The Provider.load method looks like:

public Provider load(String pn) {
  if (debug != null) {
        debug.println("Attempt to load " + pn + " using SL");
    }
    Iterator<Provider> iter = services.iterator();
    while (iter.hasNext()) {
        try {
            Provider p = iter.next();
            String pName = p.getName();
            if (debug != null) {
                debug.println("Found SL Provider named " + pName);
            }
            if (pName.equals(pn)) {
                return p;
            }
        } 
...

pn here is "SunEC", so the iterator continues to get the next provider until "SunEC". In other word, the iteration stops whenever "SunEC" is found. iter.hasNext() not only checks the next item in iterator, but also initializes and loads the corresponding Provider class. See the source code of actual hasNext method:

public boolean hasNext() {
    while (nextProvider == null && nextError == null) {
        // get next provider to load
        while (!iterator.hasNext()) {
            if (currentLoader == null) {
                return false;
            } else {
                currentLoader = currentLoader.getParent();
                iterator = iteratorFor(currentLoader);
            }
        }

        // attempt to load provider
        ServiceProvider provider = iterator.next();
        try {
            @SuppressWarnings("unchecked")
            Provider<T> next = (Provider<T>) loadProvider(provider);
            nextProvider = next;
        } catch (ServiceConfigurationError e) {
            nextError = e;
        }
    }
    return true;
}

It is called with the following stack trace since the top frame of the previous stack trace:

hasNext:1076, ServiceLoader$ModuleServicesLookupIterator (java.util)
hasNext:1299, ServiceLoader$2 (java.util)
hasNext:1384, ServiceLoader$3 (java.util)
load:338, ProviderConfig$ProviderLoader (sun.security.jca)

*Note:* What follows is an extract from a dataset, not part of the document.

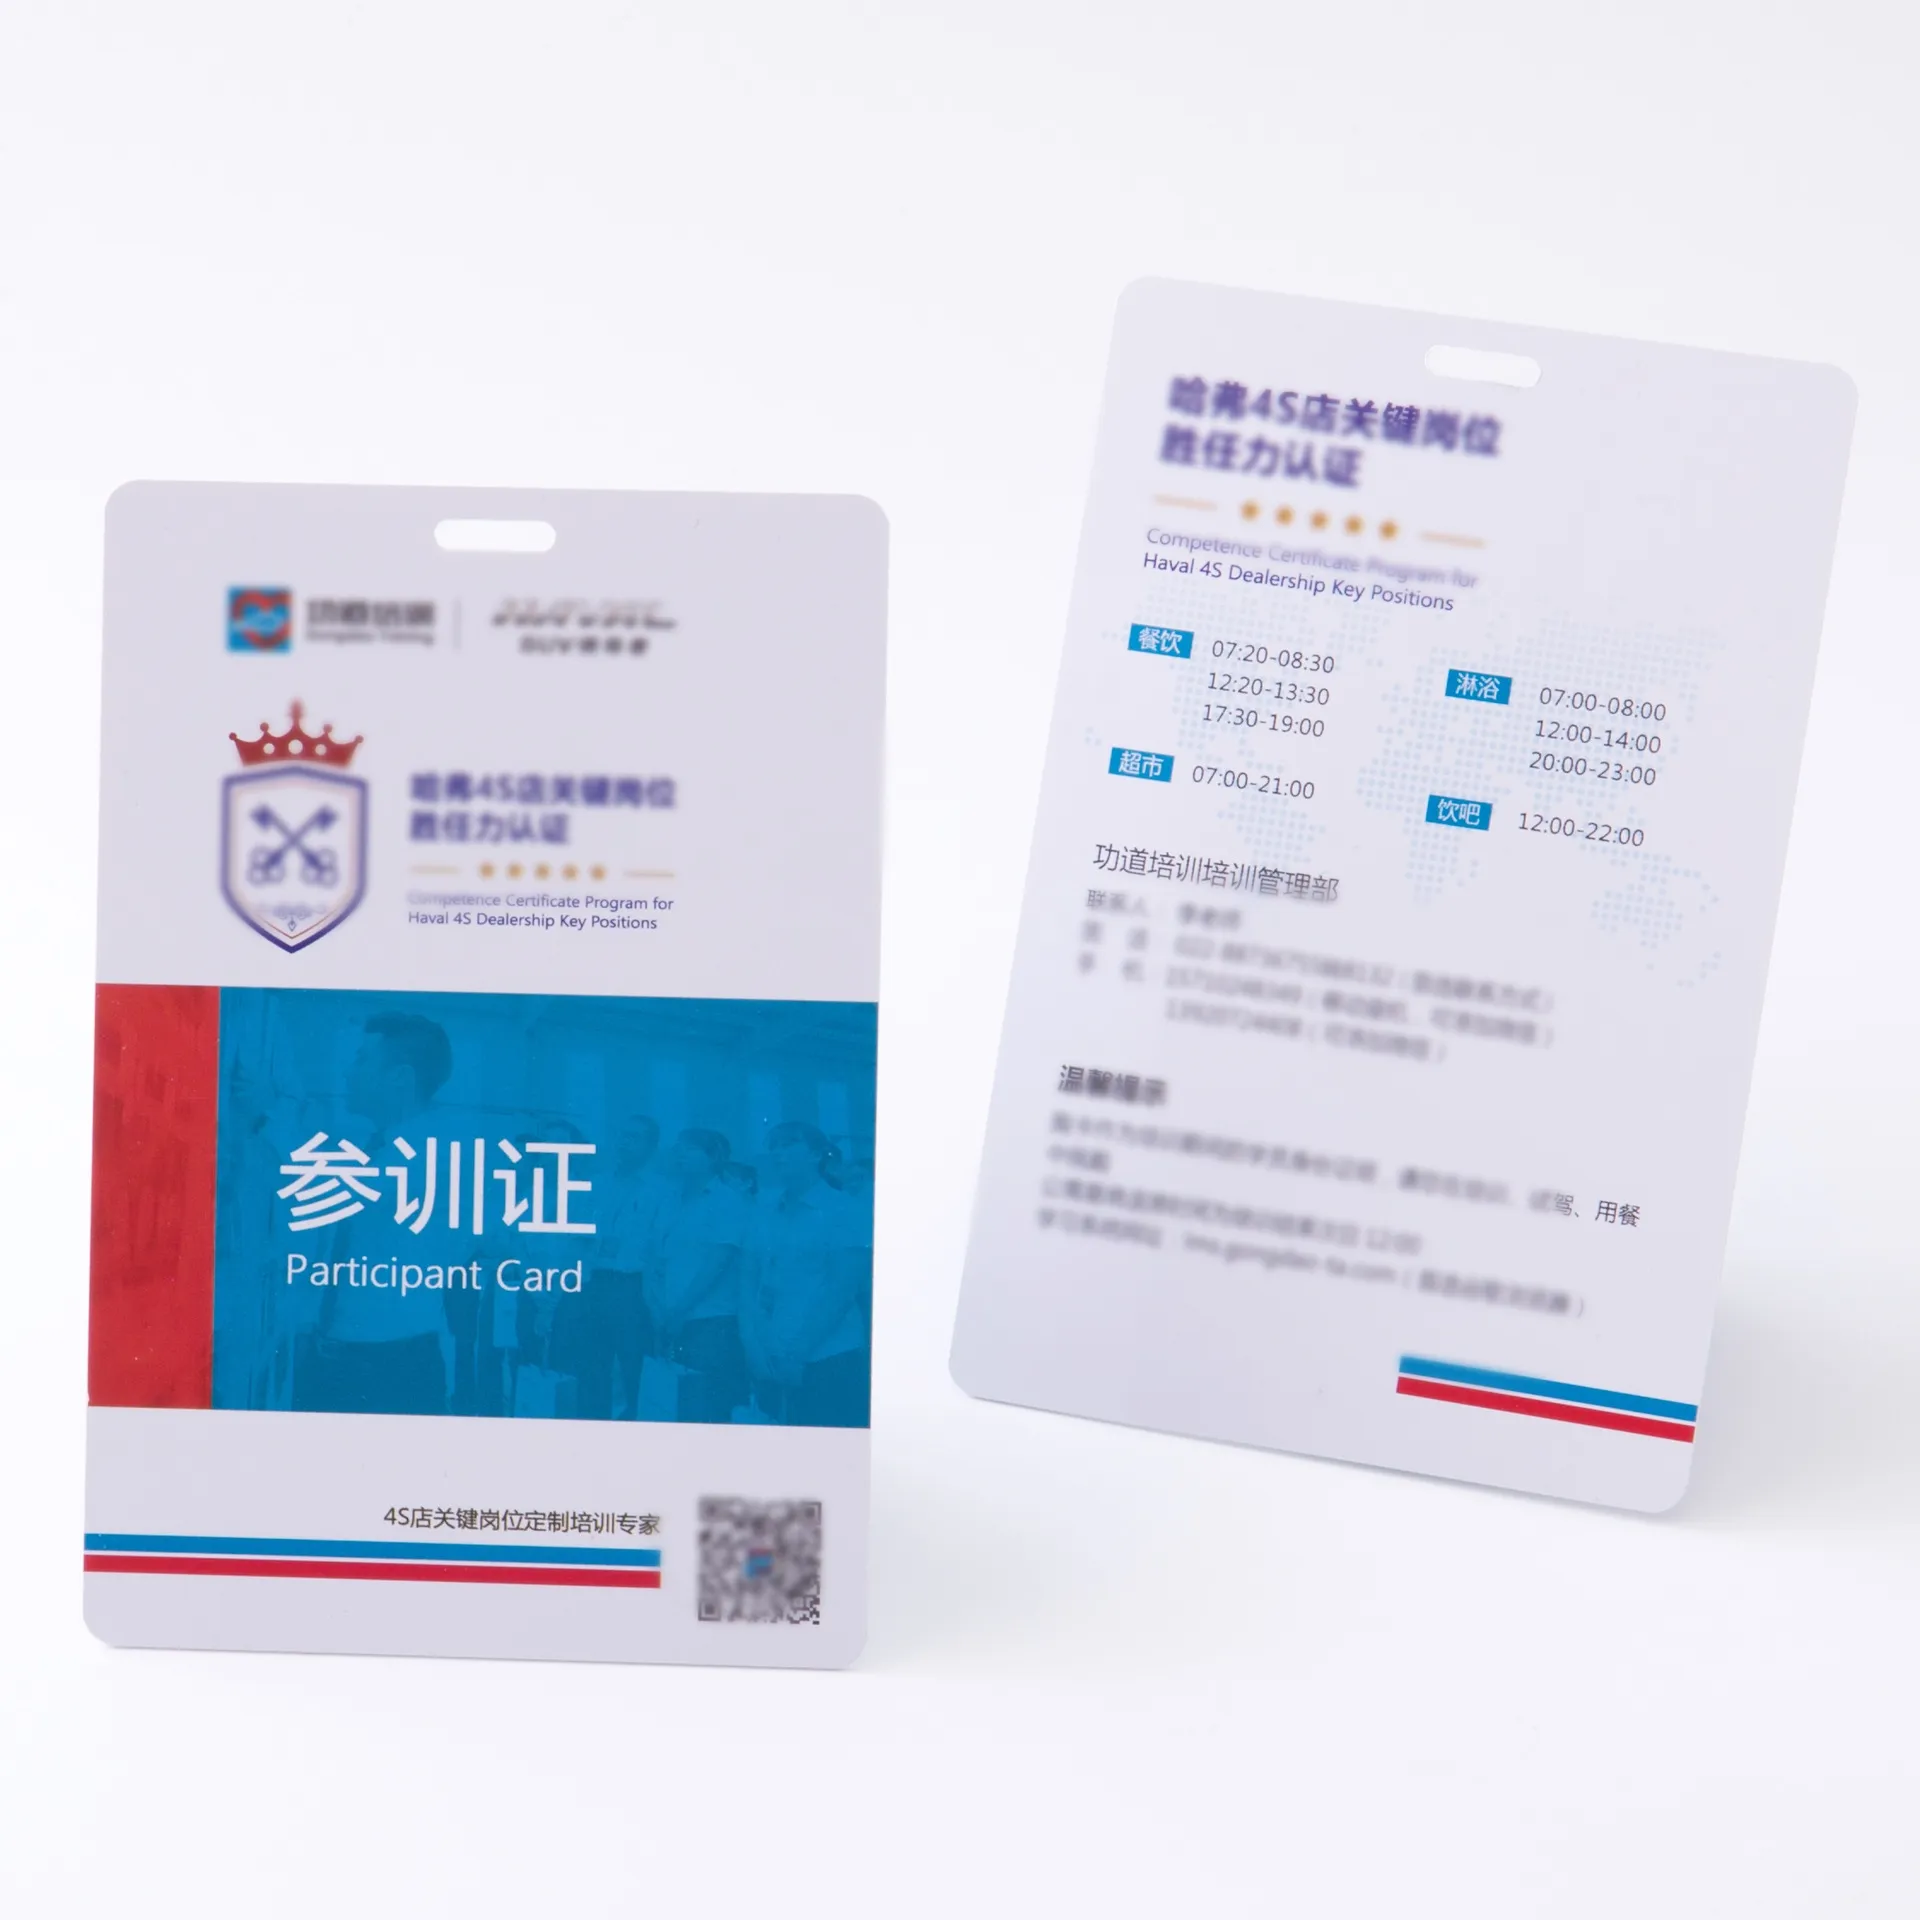 Custom printable pvc id card 125khz punch slot hole rfid pvc card qr printed with hologram stamped for business name card

The iterator is an instance of java.util.concurrent.CopyOnWriteArrayList.COWIterator with contents of a list of 6 java security providers:

sun.security.jgss.SunProvider
org.jcp.xml.dsig.internal.dom.XMLDSigRI
com.sun.security.sasl.gsskerb.JdkSASL
sun.security.pkcs11.SunPKCS11
sun.security.smartcardio.SunPCSC
sun.security.ec.SunEC

This list is set at PlatformClassloader initialization time and stored in ClassLoader.classLoaderValueMap field. But the list sequence is variant. I didn't find the initialization code and don't know the exact reason. But the variant of the sequence leading to the variant of reached security classes. When sun.security.ec.SunEC is at the head of this list, no other providers will be reached. But when it is at the tail of the list, all the other 5 providers are reached. The actually affected classes are not only these 5 Providers. Many other classes are reached by initializing and loading each provider.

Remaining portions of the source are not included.